Who today has never heard the voices of Siri, Alexa or the Google assistant? True ambassadors of “voice”, these assistants have all been directly equipped with voice synthesis in order to be able to respond to the user. This is not insignificant! It is precisely a question of strengthening the relationship between human and machine through a conversational… reciprocal link. The user talks to the assistant and the latter answers, as in a natural conversation between two or more humans. This component is more important than we imagine.

In fact, like any innovation, the adoption process is generally complex, especially when it brings a break in usage. The best way to gain acceptance for voice assistants was to offer new features that promote their use, but also to improve the user experience as much as possible by humanising the technology. These synthesised voices then made it possible to give an identity to the various assistants, making it possible to differentiate them, but also to consider them as entities in their own right.

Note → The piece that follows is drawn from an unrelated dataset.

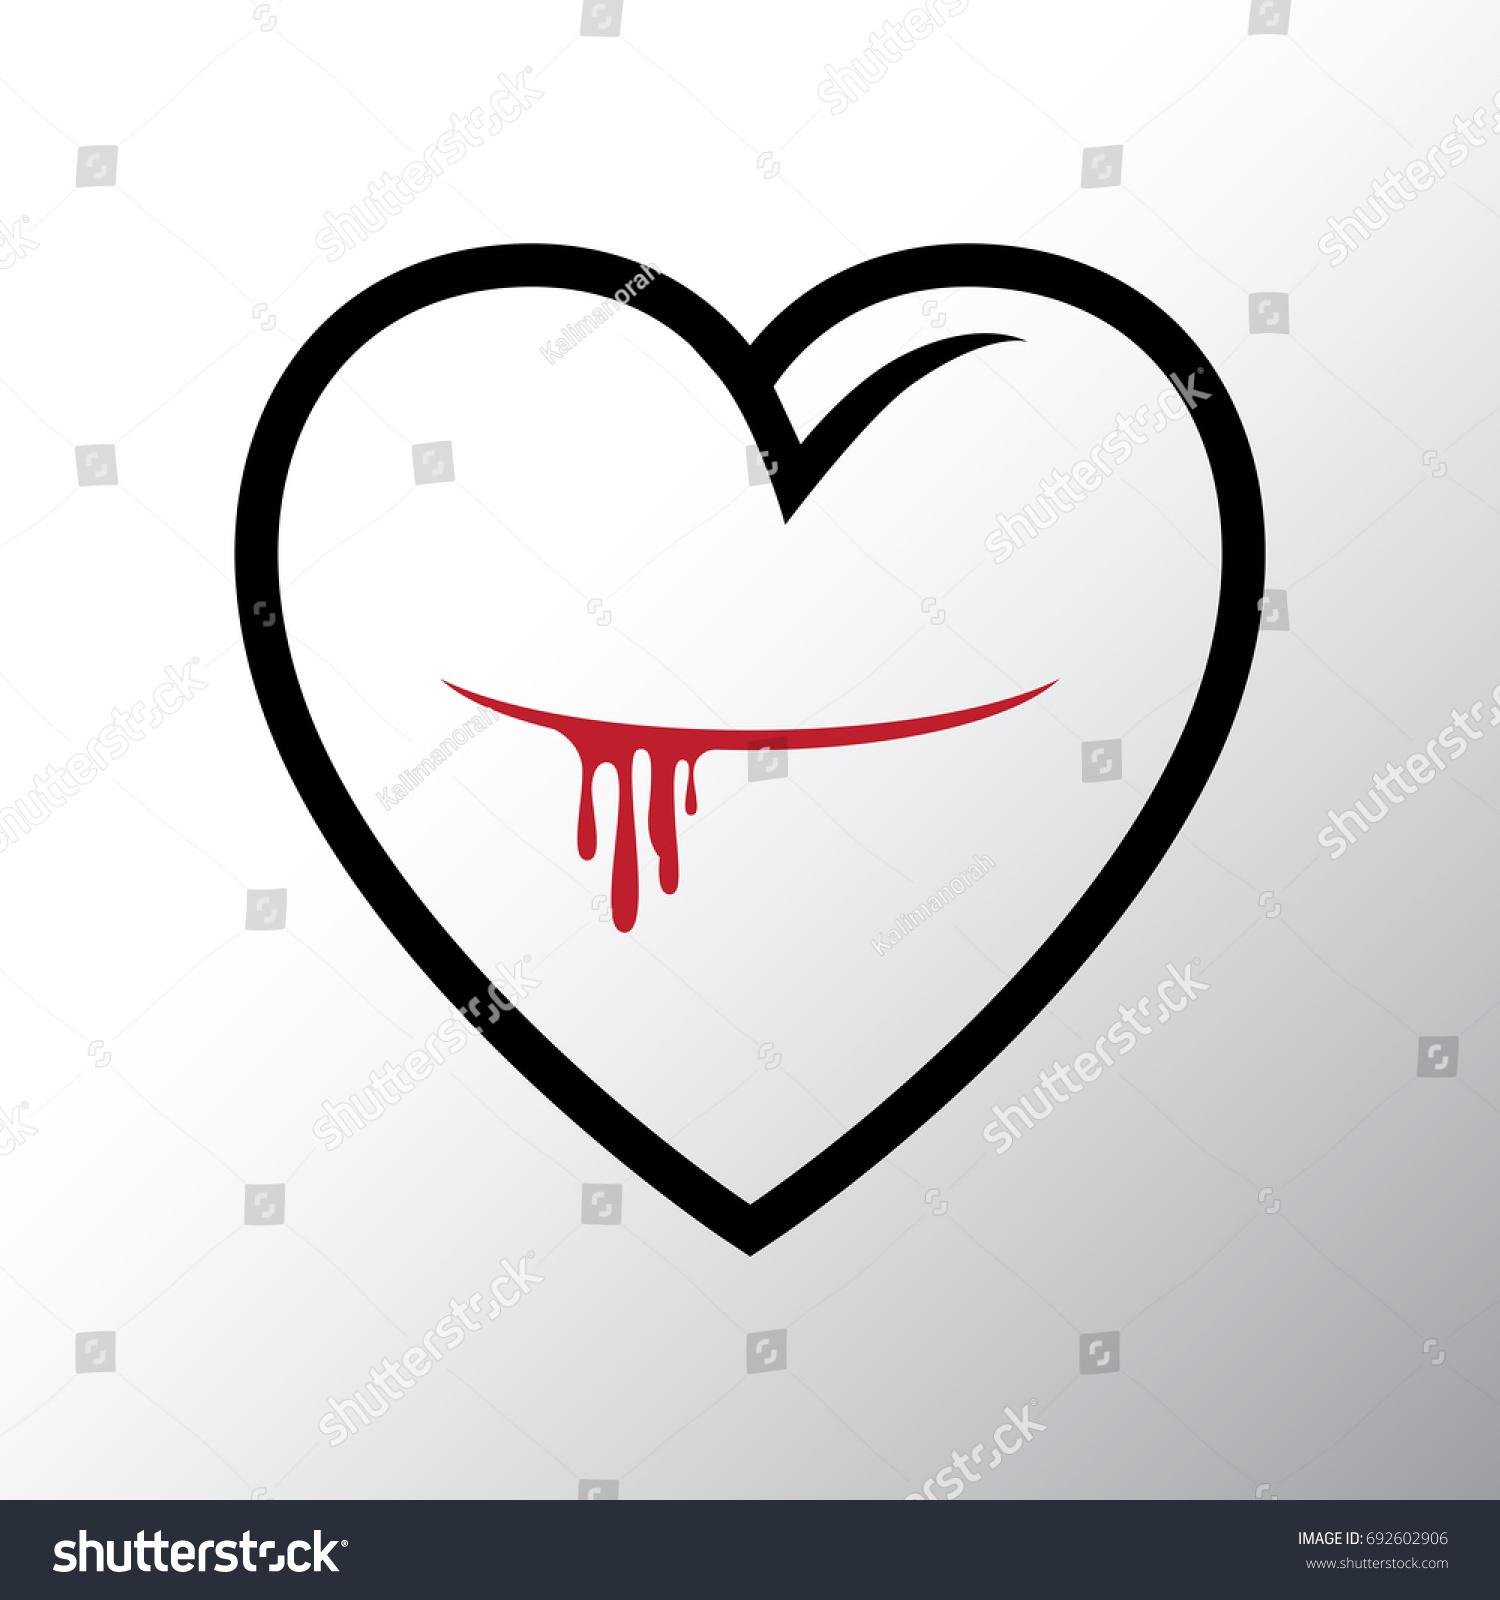 Bleeding heart logo stock vector 692602906 shutterstock bleeding heart logo buycottarizona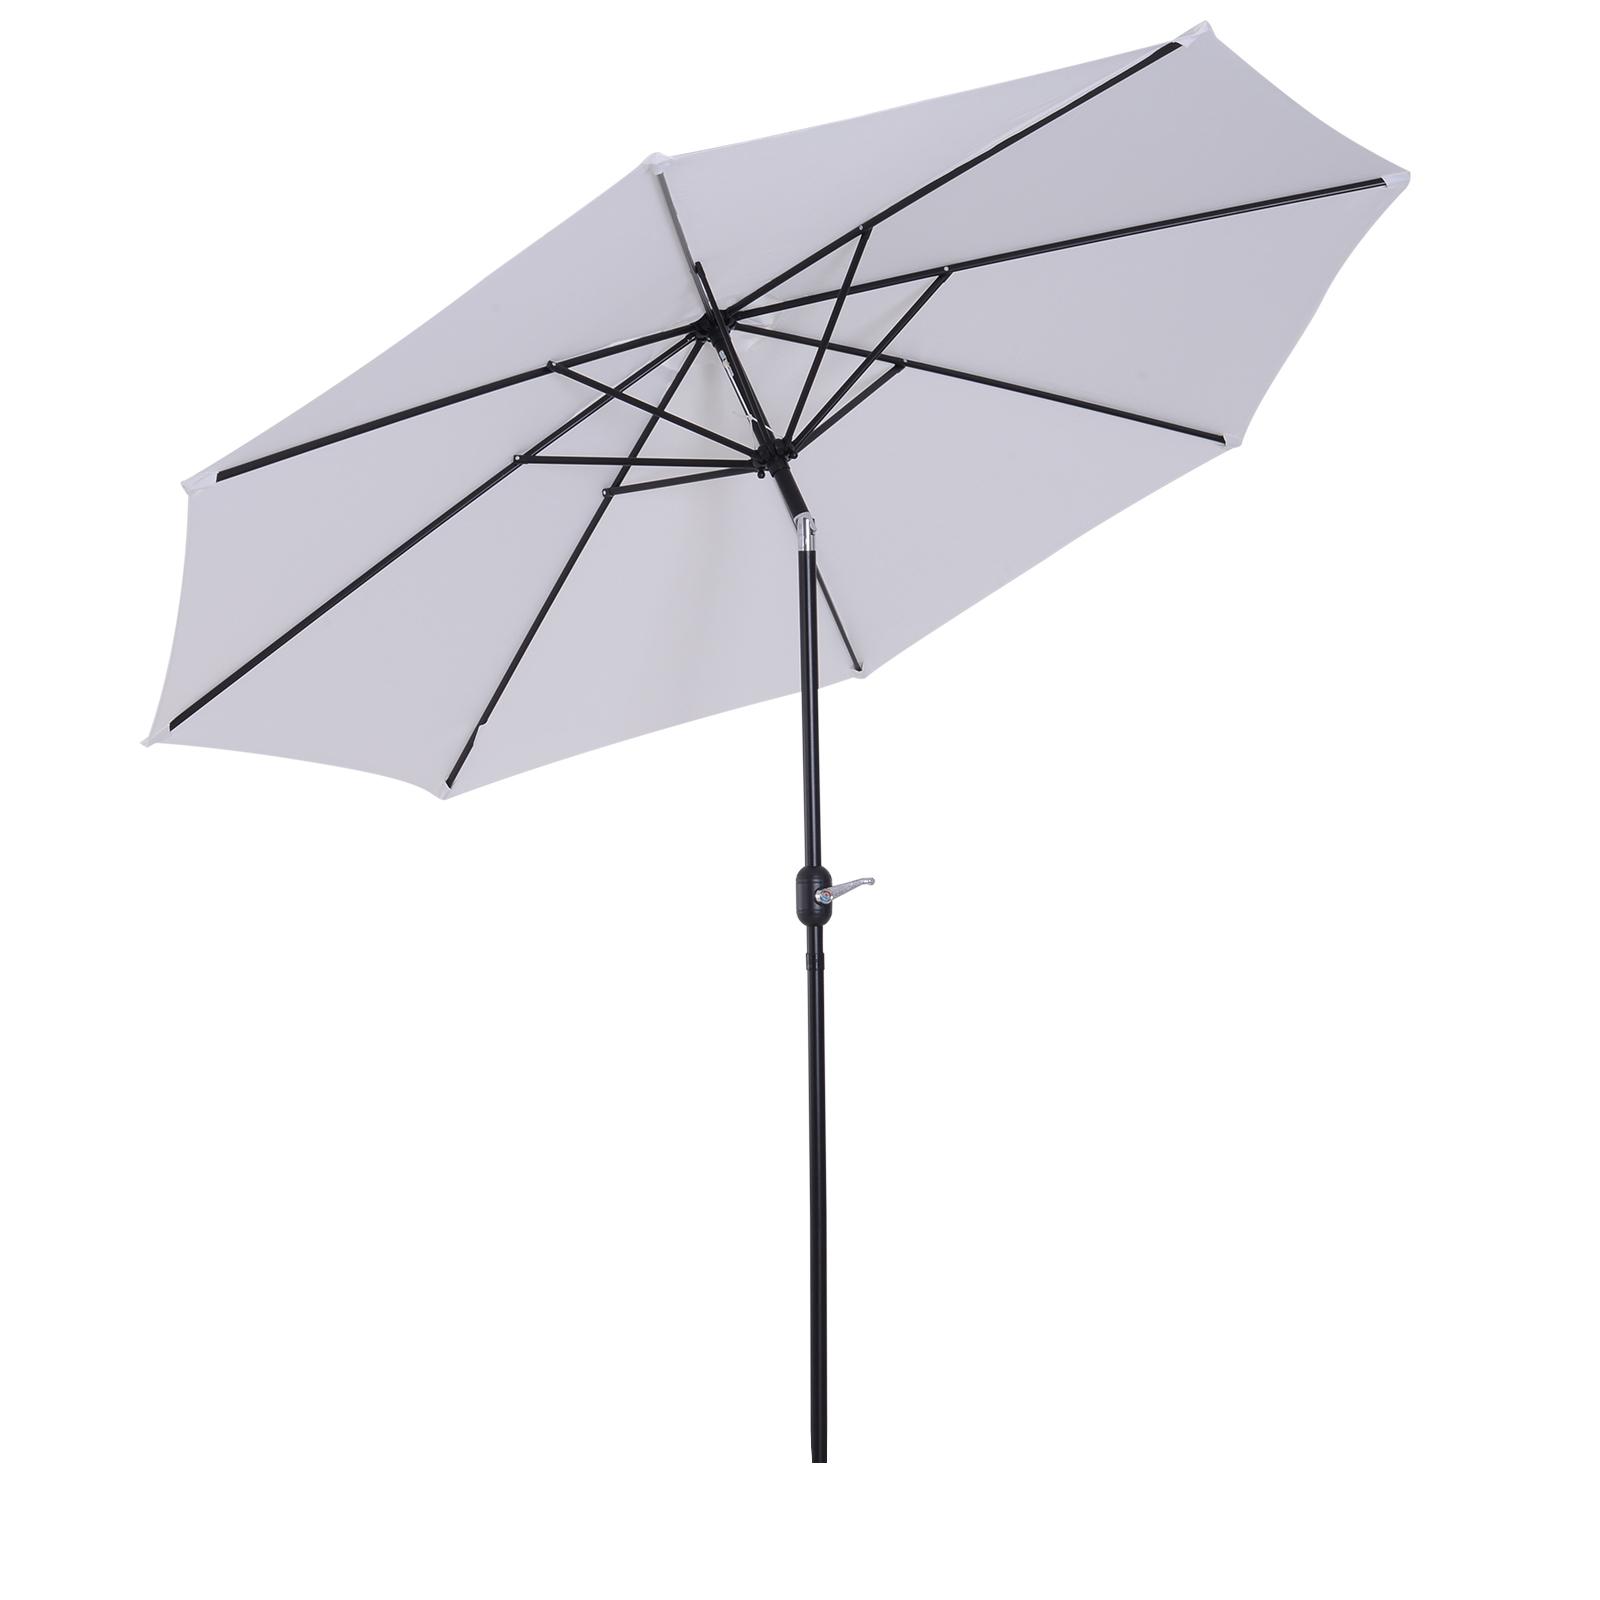 Parasol en aluminium rond inclinable blanc

Beyond a simple functionality (the marketing course is about to begin), voices are now an integral part of the brand image! Some people even consider that the voice is a pillar of branding in the making. First of all, it replaces images, which by nature are fixed (and over-represented in the media), with more engaging messages: an image is worth a thousand words, a voice is worth a thousand images?

The other interest for brands is to tell themselves that the pool of voice assistants is already large and that it tends to be larger, so isn’t it a good idea to go into voice with your own voice to reach such a large audience?